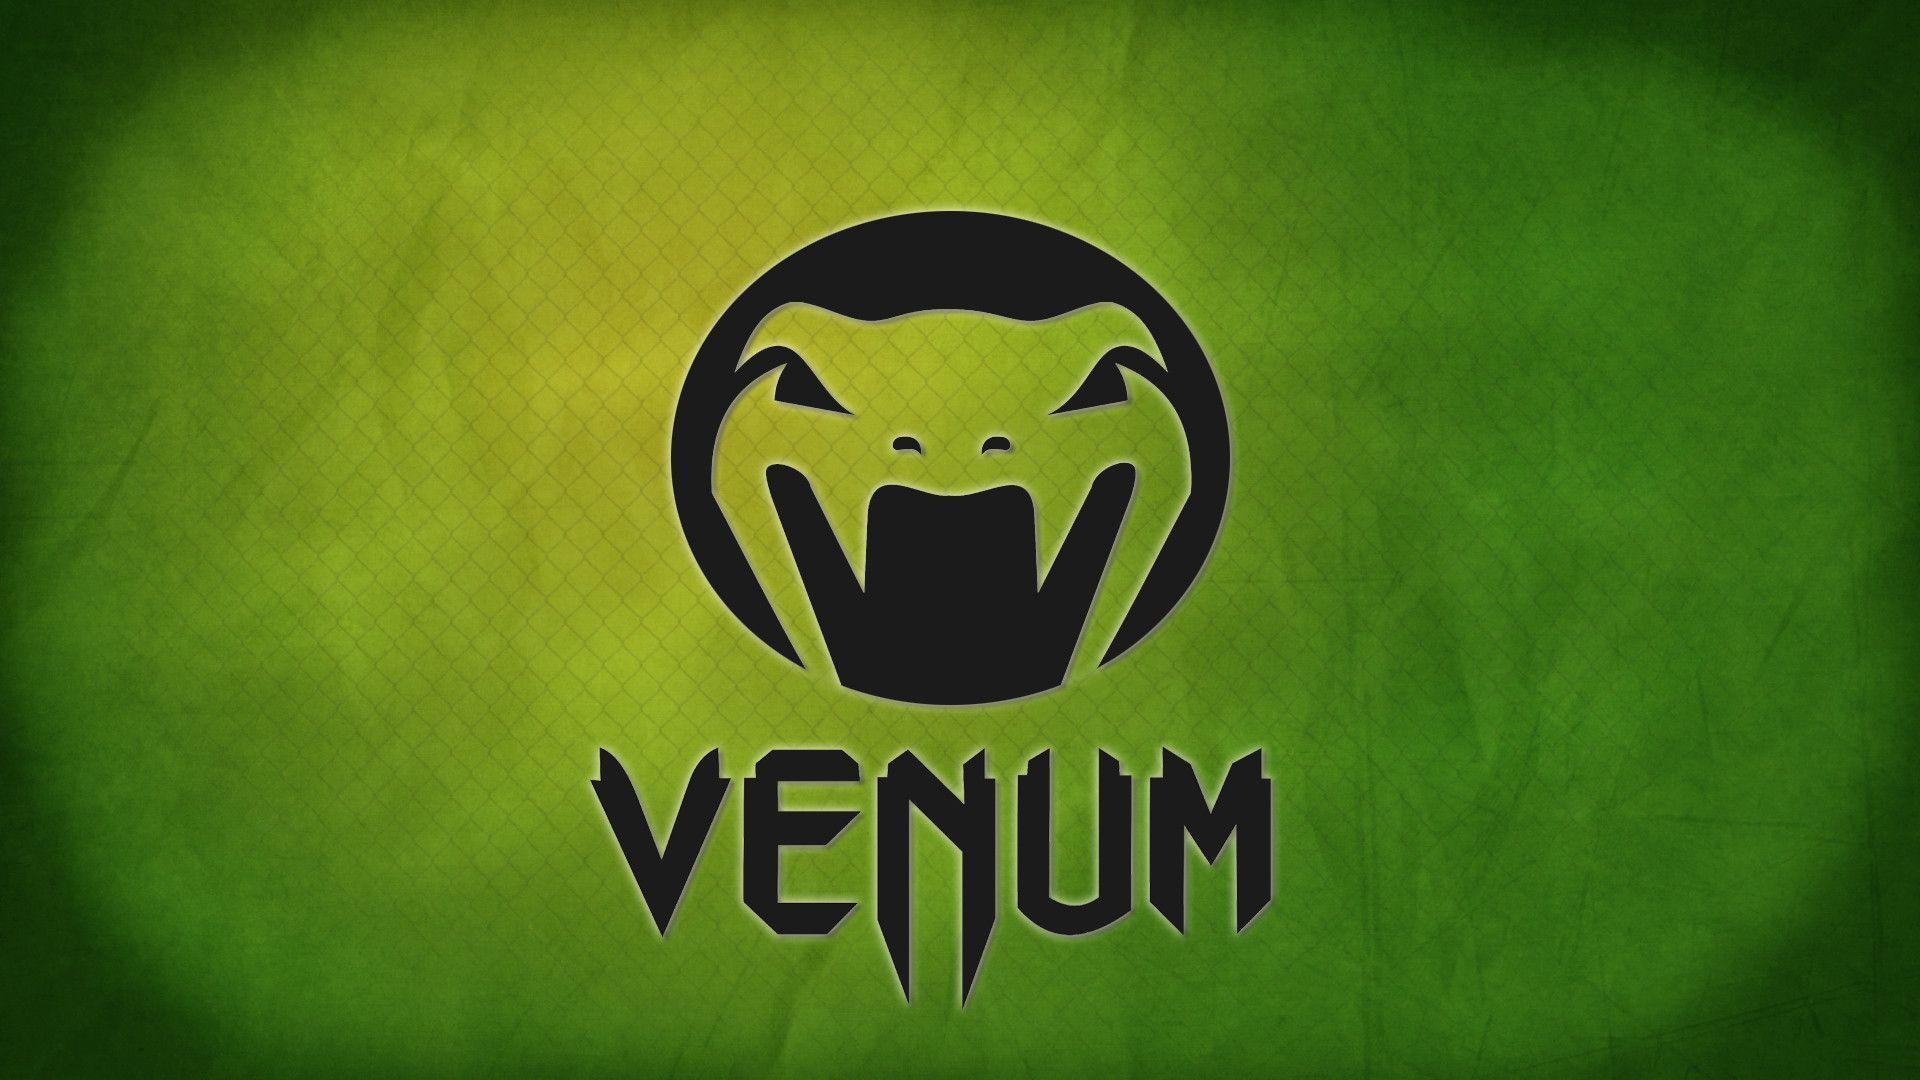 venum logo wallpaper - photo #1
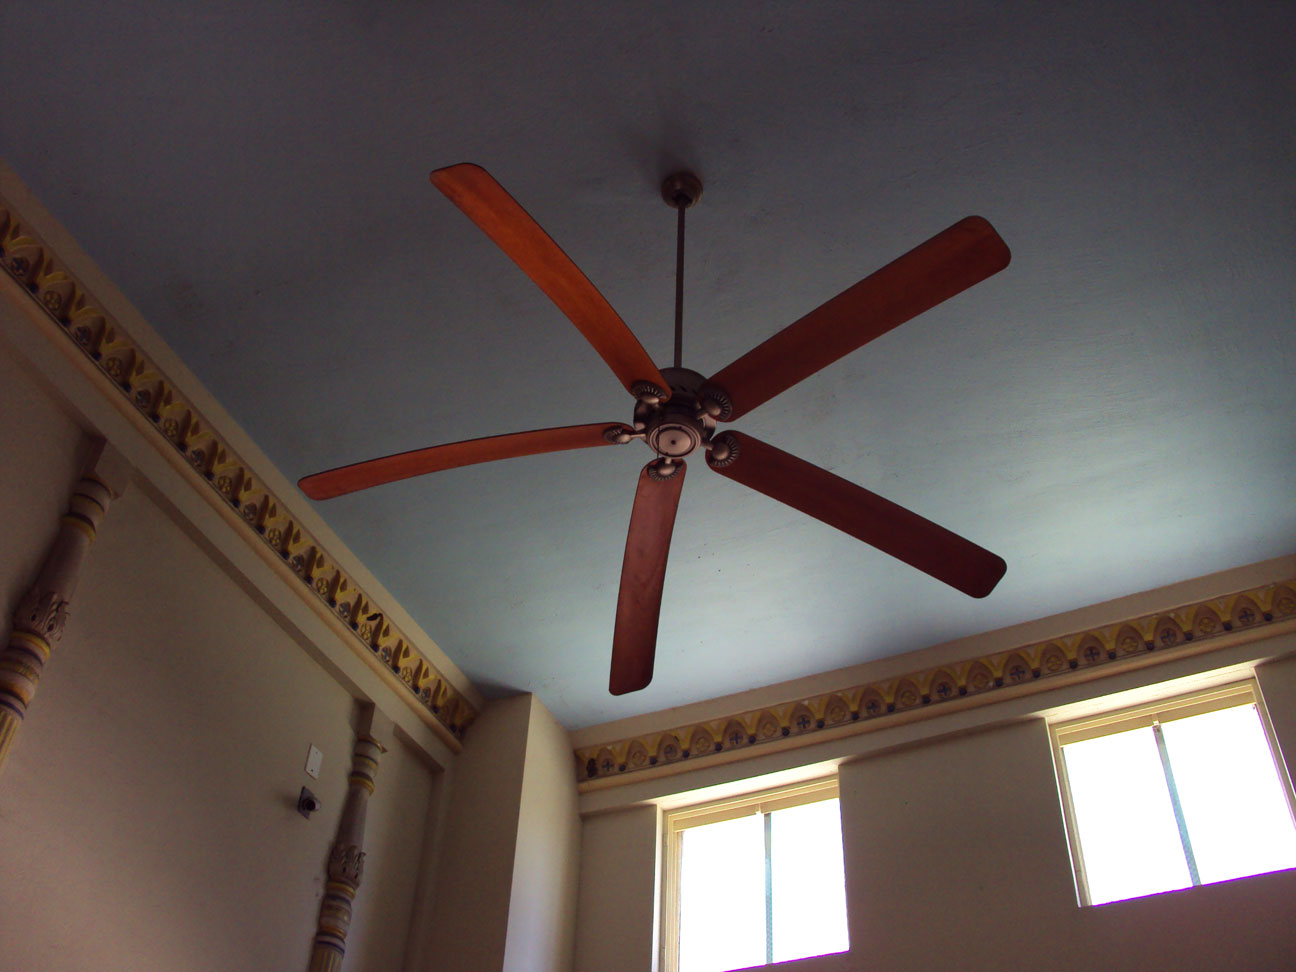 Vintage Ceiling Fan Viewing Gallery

##########

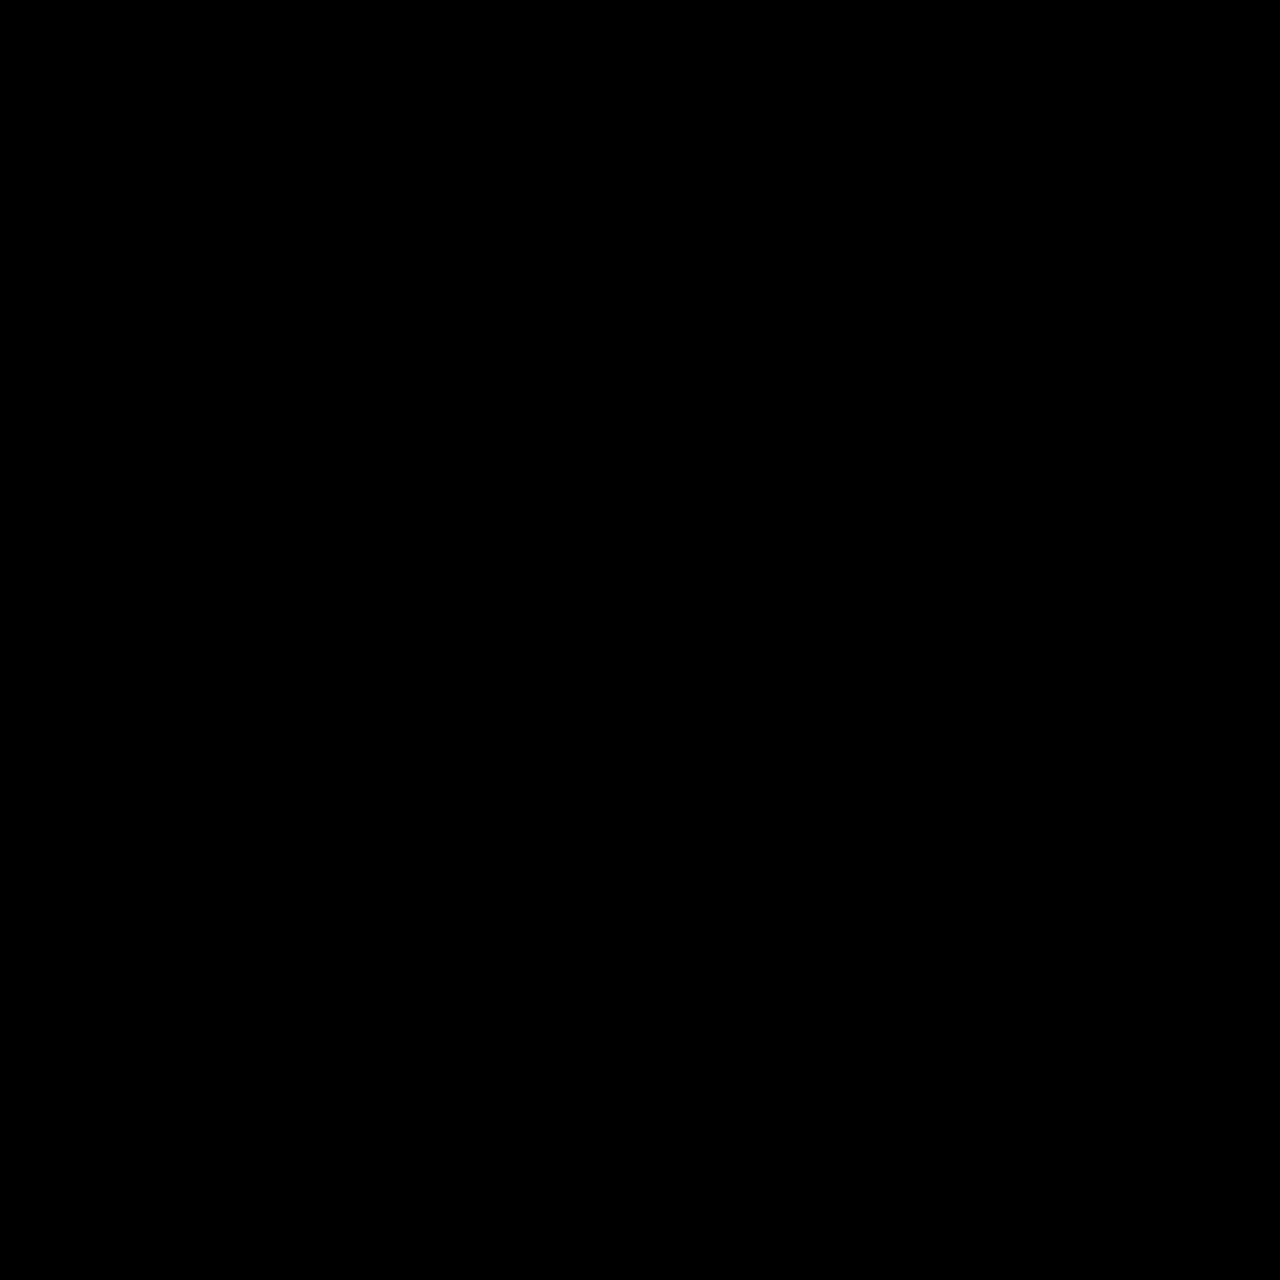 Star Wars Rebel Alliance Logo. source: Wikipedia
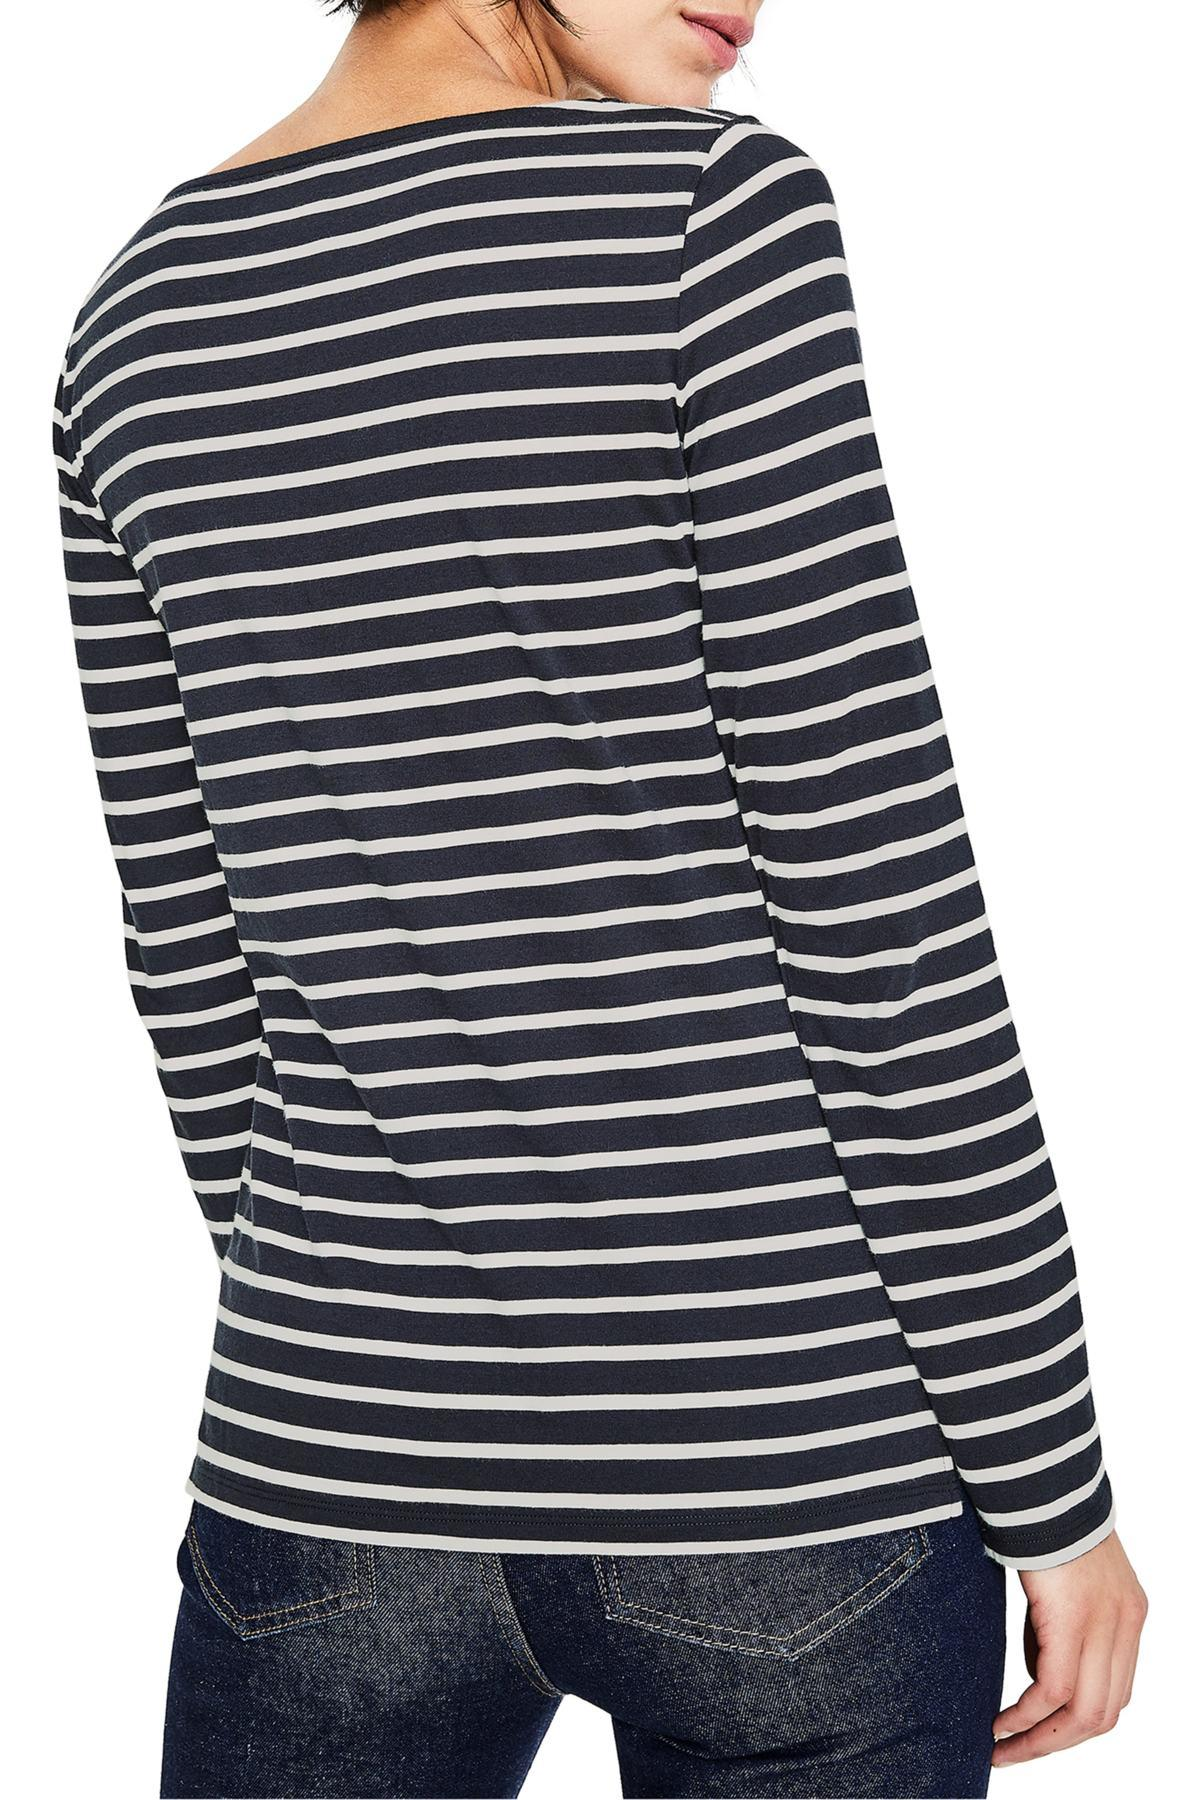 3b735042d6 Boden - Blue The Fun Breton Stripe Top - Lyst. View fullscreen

##########

> Work required:
Quote word for word only the lines above from the one containing "venum logo wallpaper - photo #1" through the one containing "Vintage Ceiling Fan Viewing Gallery". Pictures stay out of your copy.

> Response to the task:
 venum logo wallpaper - photo #1
 Vintage Ceiling Fan Viewing Gallery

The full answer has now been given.